** DATA BLOCK follows **
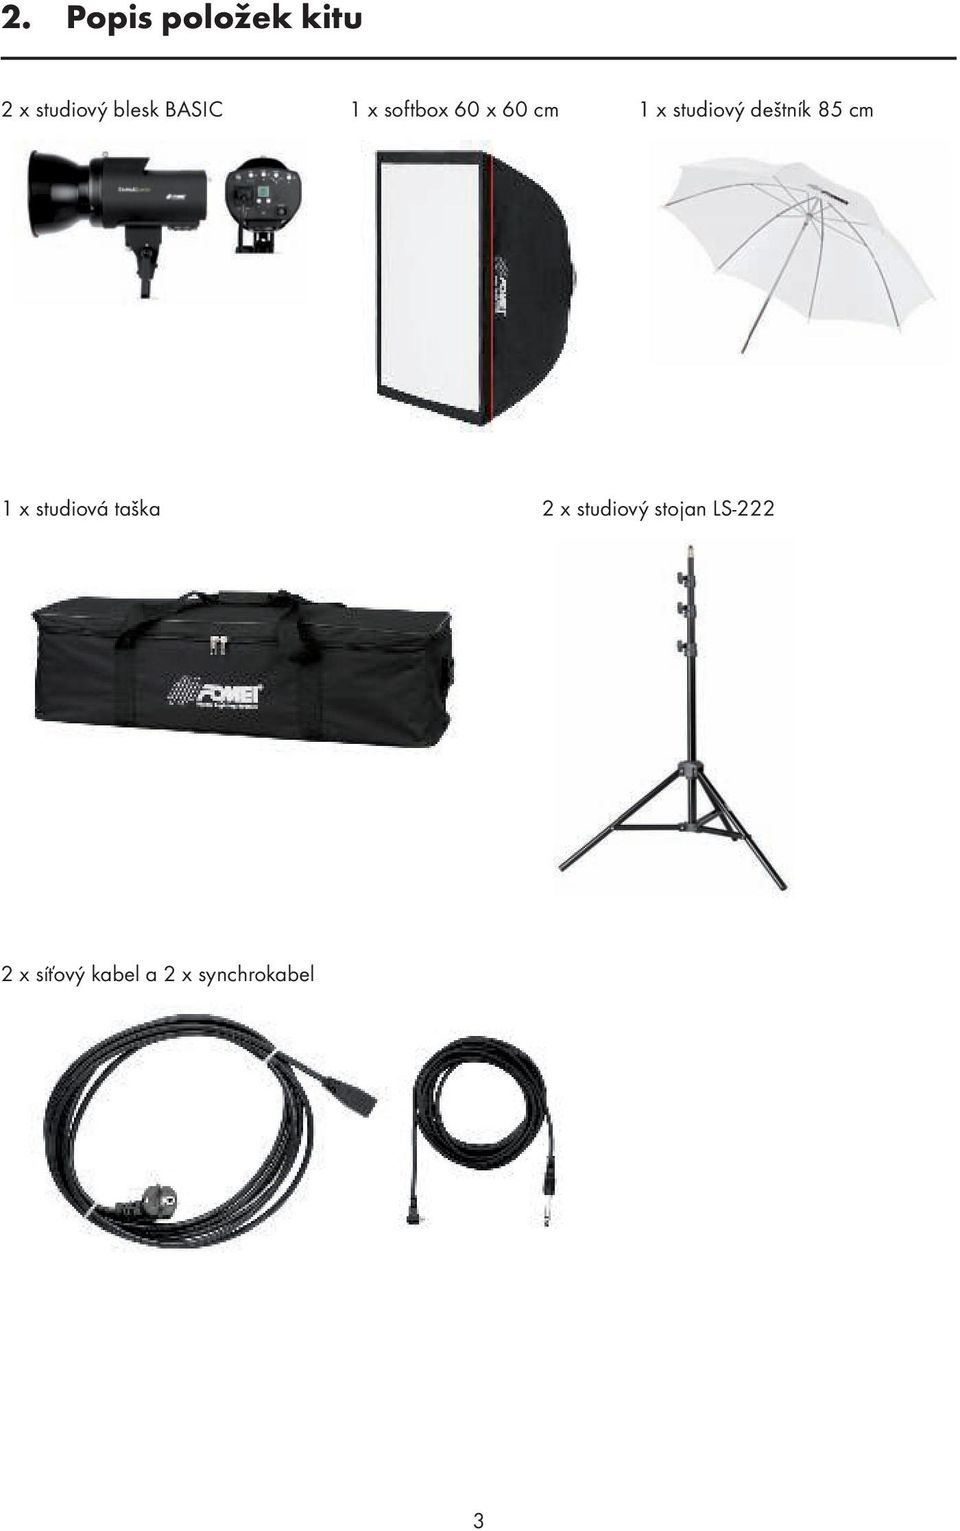 Basic - 200/400, studiový kit - PDF Stažení zdarma
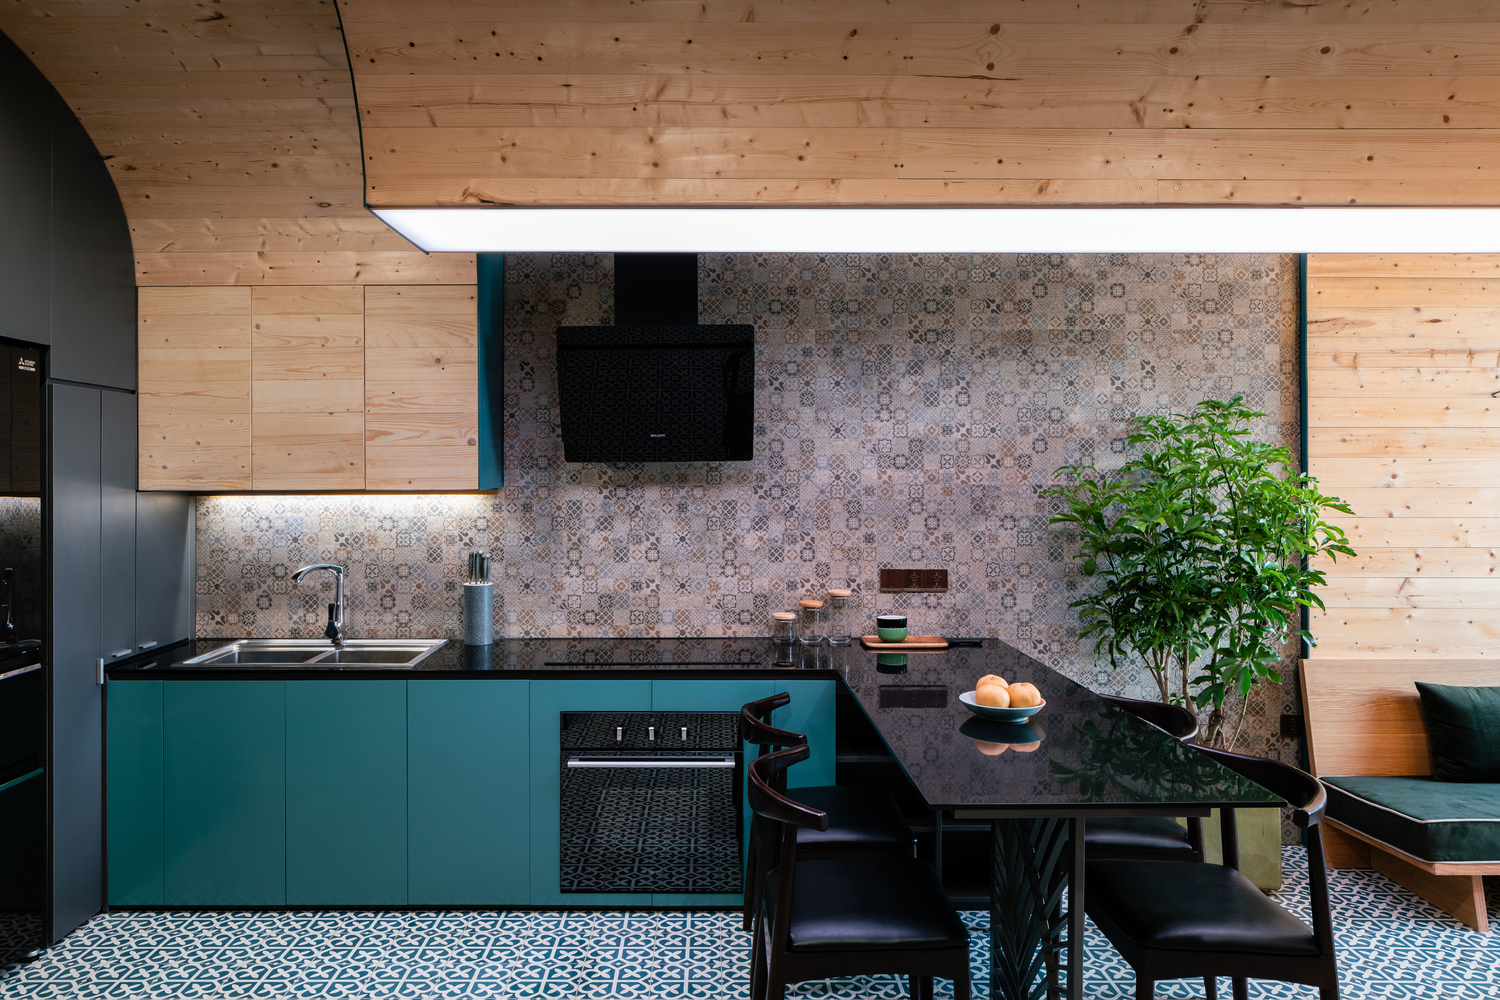 Sắc màu đen và xanh cổ vịt giúp khu bếp khoác lên mình vẻ sang trọng, hiện đại nhưng vẫn hòa hợp với bức tường gạch in hoa văn cổ điển
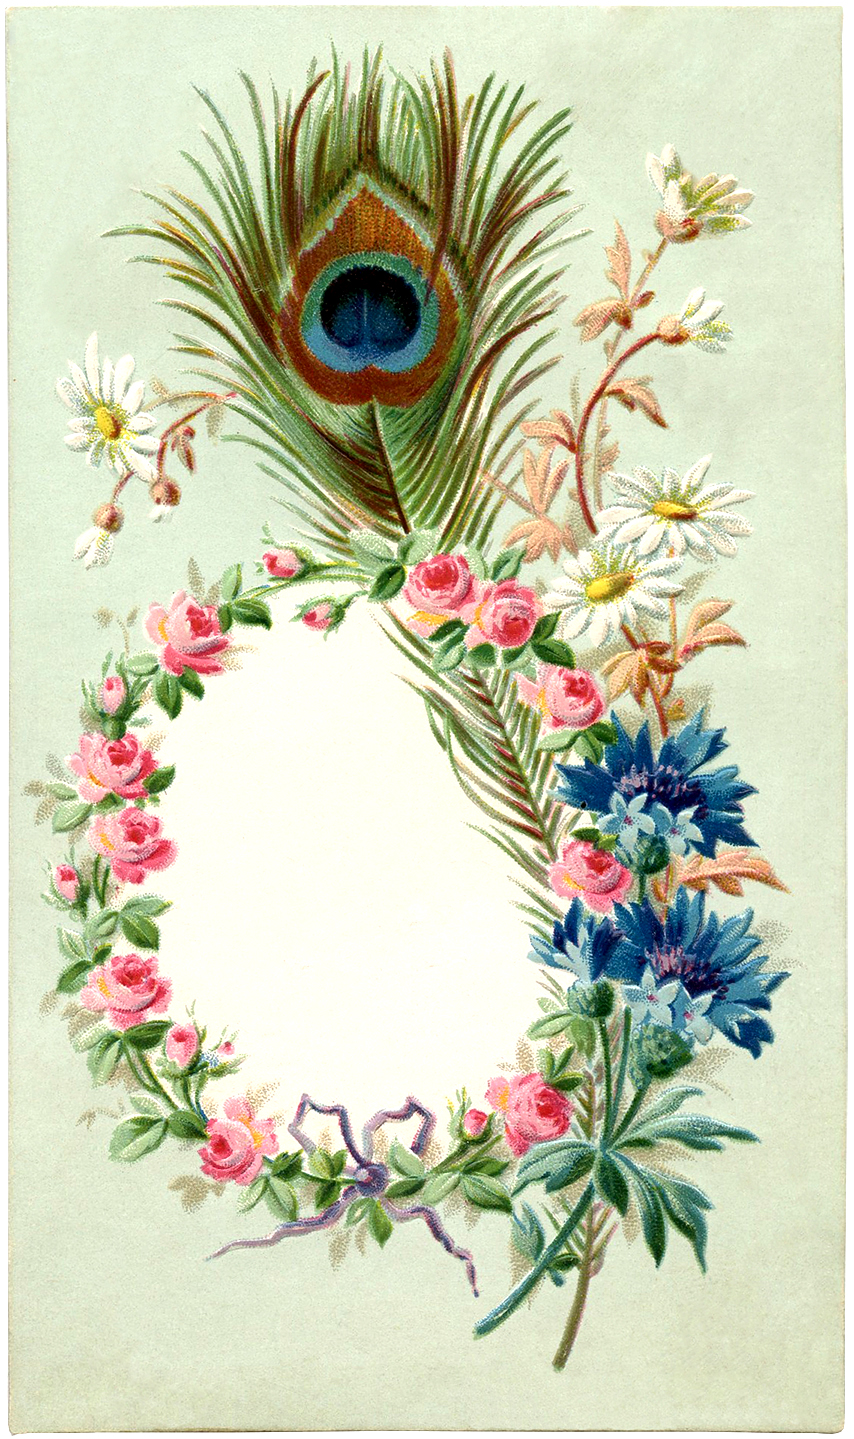 fond d'écran de cadre pour l'art,fleur,plante,couronne,art floral,fleuristerie
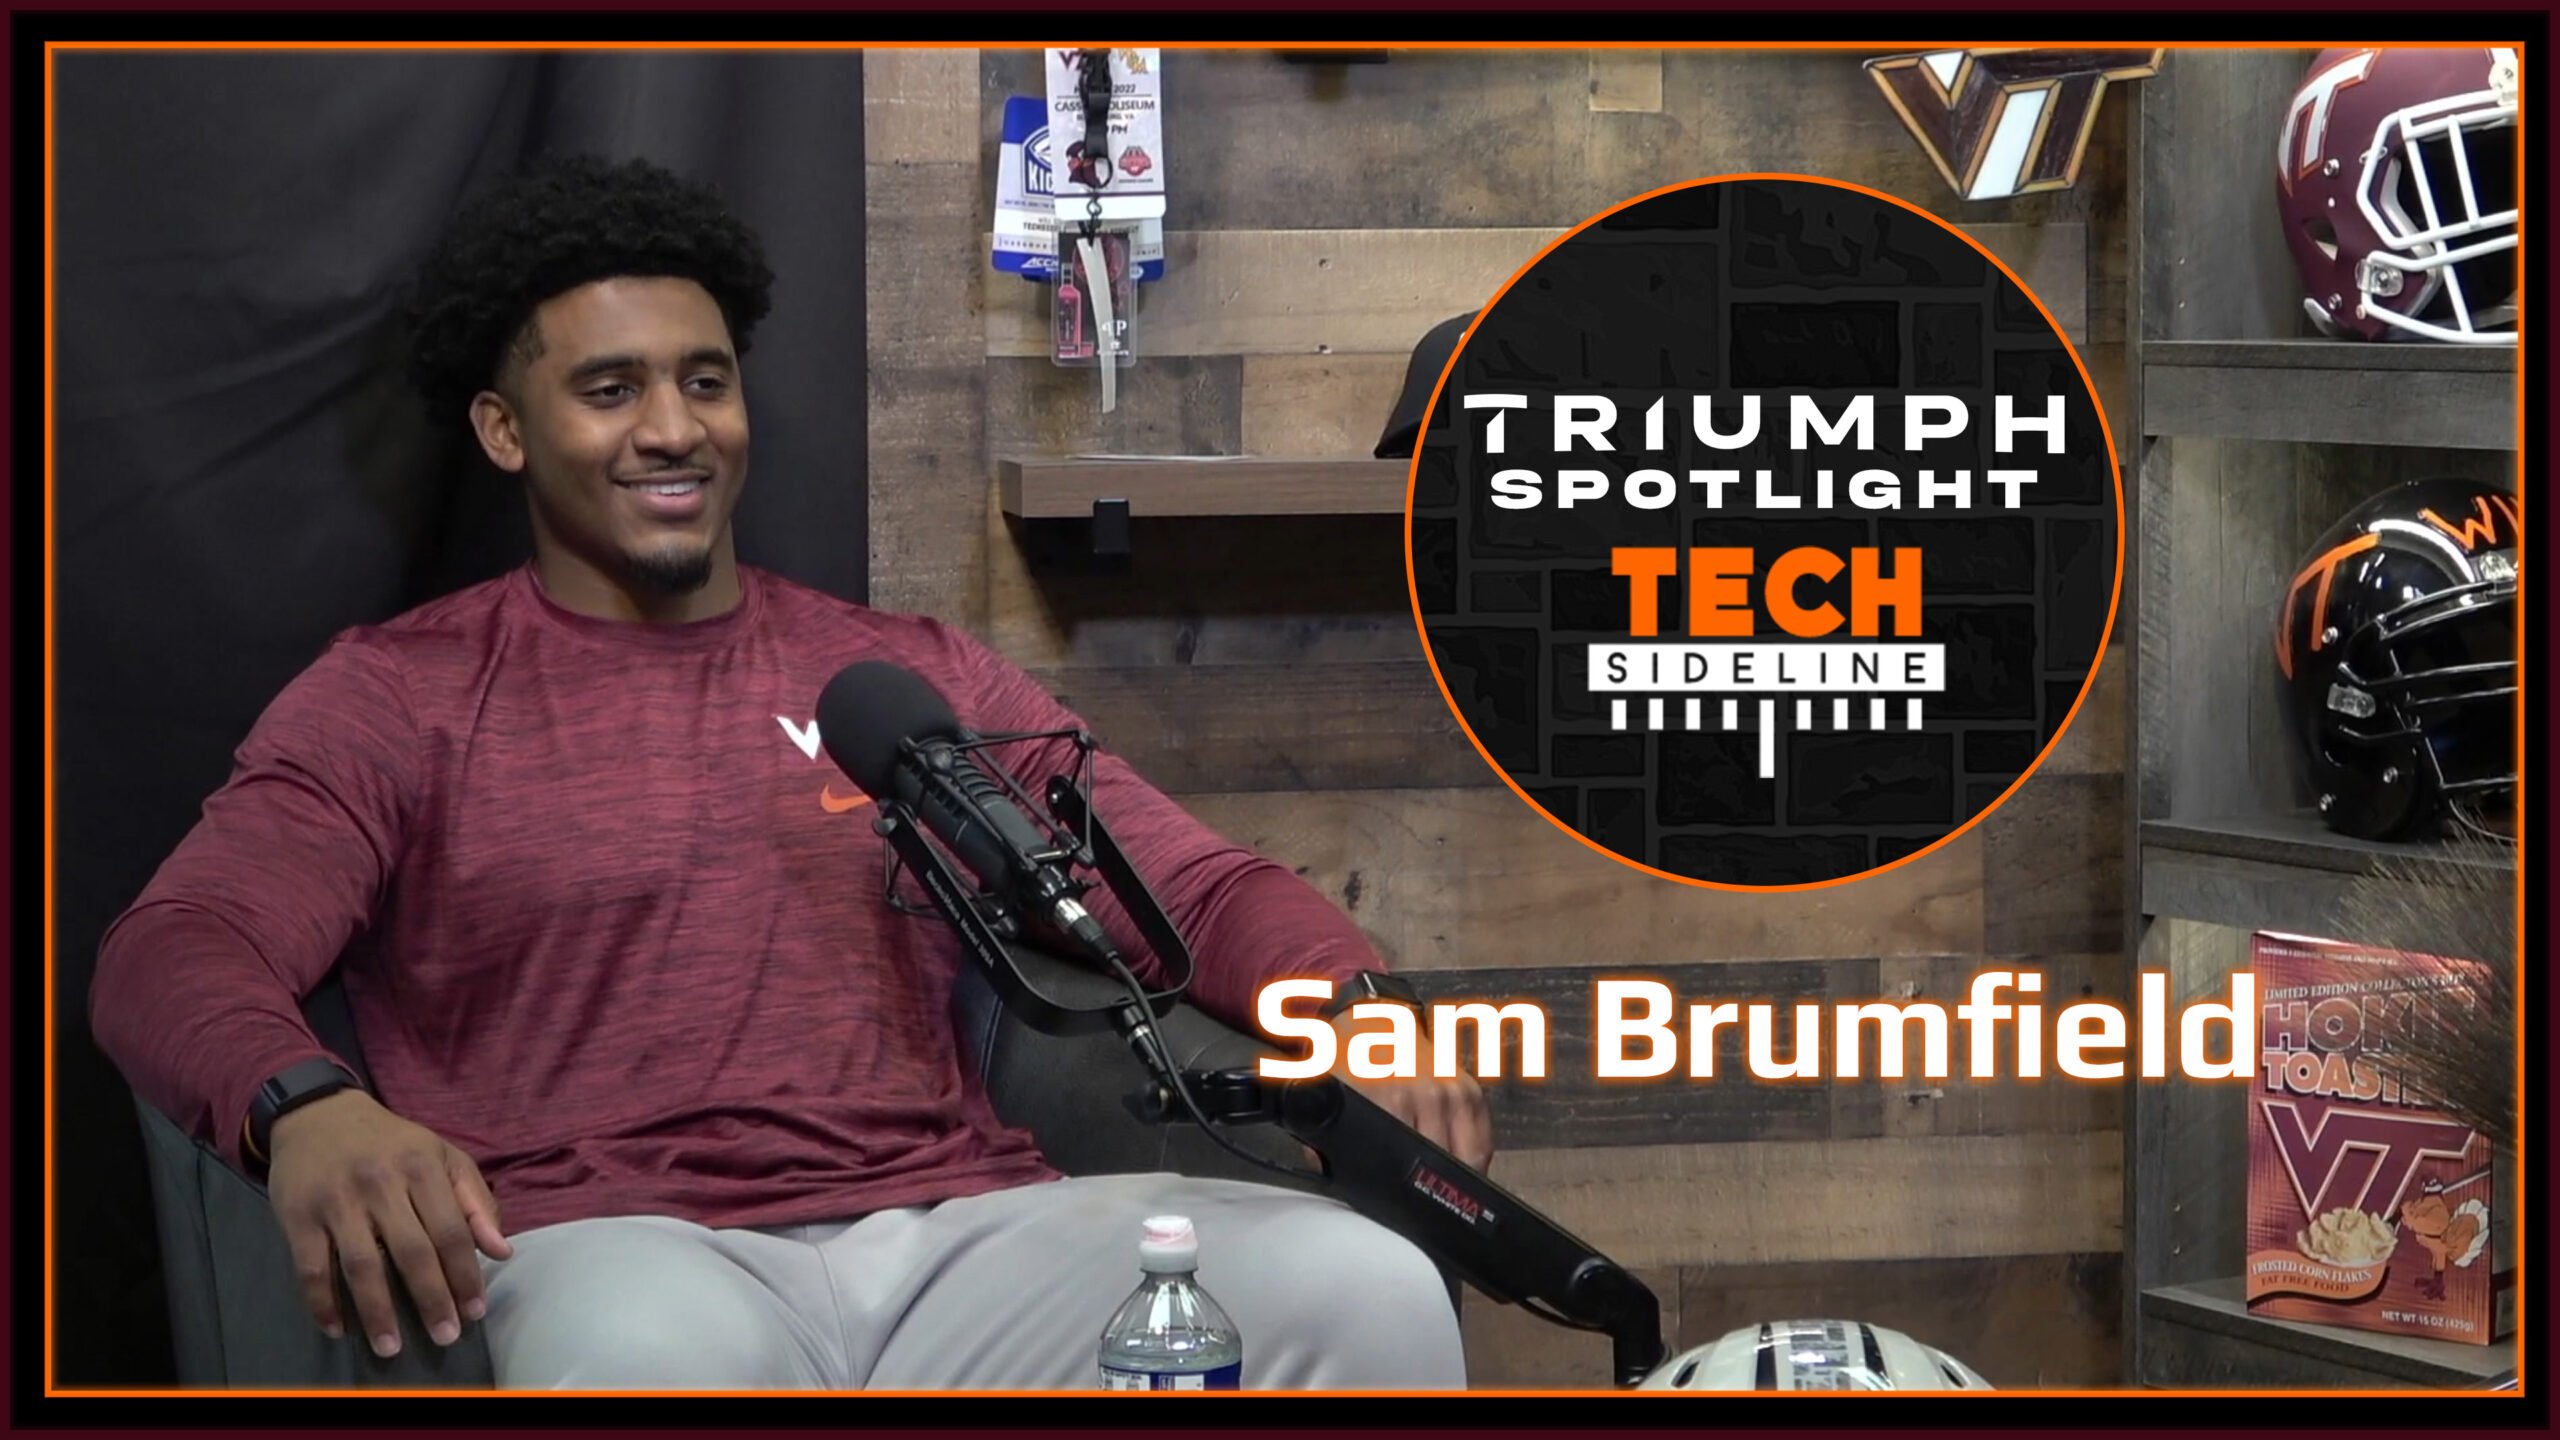 Sam Brumfield Triumph Spotlight Thumb
** End of DATA BLOCK **
> _ABOUT THIS EXERCISE_
Give the preceding data back exactly, minus every picture.

> _RESULT OF THIS EXERCISE_
 Basic - 200/400, studiový kit - PDF Stažení zdarma
 Sắc màu đen và xanh cổ vịt giúp khu bếp khoác lên mình vẻ sang trọng, hiện đại nhưng vẫn hòa hợp với bức tường gạch in hoa văn cổ điển
 fond d'écran de cadre pour l'art,fleur,plante,couronne,art floral,fleuristerie
 Sam Brumfield Triumph Spotlight Thumb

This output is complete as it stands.